Use Comes From What Does Not

At David Weinberger's talk at the O'Reilly Emerging Technology Conference, he talked about the problem with "old-school" knowledge management software, and by extension, all kinds of failed social software. This is something David and I had talked about together some, and I've been meaning to put it down in text.

Since I've been in a quoting mood lately, I'll start with a verse from Lao Tse's Tao te Ching, from the Peter Merel version:

11. Tools
Thirty spokes meet at a nave;
Because of the hole we may use the wheel.
Clay is moulded into a vessel;
Because of the hollow we may use the cup.
Walls are built around a hearth;
Because of the doors we may use the house.
Thus tools come from what exists,
But use from what does not.


Let's think about the difference between tools and use in the context of software. Software tools are really just like tools in the physical world: artifacts with defined boundaries, crafted by an expert, designed for a specific purpose. Use, on the other hand, is negative space, an undefined purpose in which people can grow, customize, and live.

One more metaphor to finish warming us up.

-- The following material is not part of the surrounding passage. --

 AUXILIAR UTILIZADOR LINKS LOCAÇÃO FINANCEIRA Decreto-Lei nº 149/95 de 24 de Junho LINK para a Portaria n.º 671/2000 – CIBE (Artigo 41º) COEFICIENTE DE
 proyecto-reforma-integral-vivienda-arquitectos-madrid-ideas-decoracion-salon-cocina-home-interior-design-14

There's an industry process standard called ISO 9000. [Caveat: I'm nothing at all like an expert on this other than I worked for a company while it went through certification.] Basically, ISO 9000 mandates that for every thing that a business does, how the business handles that has to be written down in a formal process. Everything. If, for example, that company just wings it, then bang, it fails. It's not "ISO 9000" compliant.

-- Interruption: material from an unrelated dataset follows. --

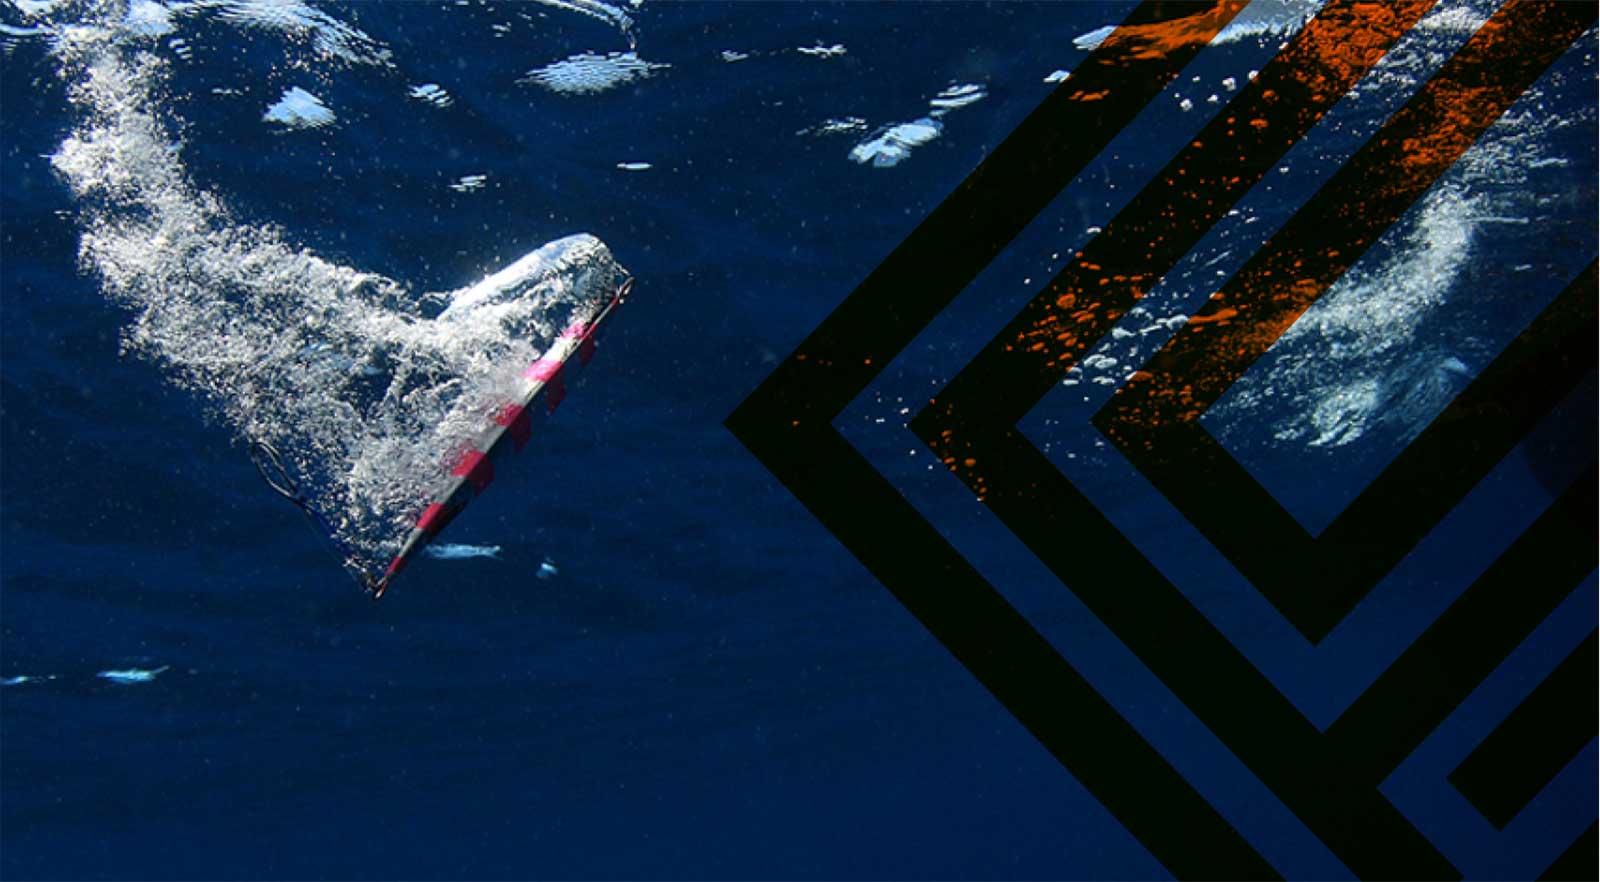 能够用实钓和职人的       技巧来证明的SFC的       铅饵能够把所有的       钓手导入到海底制霸                 慢卷线藏着无限的可能性。       海底制霸(SFC)不断的追求那个可能性,       在制作所有的目标都会反应的究极金属饵。       铅饵的开发超乎想像费时费力,       而且在本工厂全部都是手工制作,商品的精密程度,       外观的美感富于变化的同时也不允许别的公司超过。                   能够用实钓和职人的     技巧来证明的SFC的     铅饵能够把所有的     钓手导入到海底制霸

I won't comment on whether this makes sense for business. (Well, okay, I will: it's dumb.) But for software, and more specifically social software like knowledge management, it's fatal. It's like building a room with no doors, or even more, a solid room. The idea of traditional corporate KM is to completely define all possible interactions, yet this is completely antithetical to the idea of social interaction, and doomed to fail (as, in many cases, it did).

Getting involved in the whole is-social-software-real debate is probably not a good idea, but a man's posts should exceed his sense, else what's a blogger for? Let me throw my hat into the ring: social software is software that is what I could call Tao te Ching verse 11 (TTC 11) compliant: it offers emptiness in which social interactions can exist.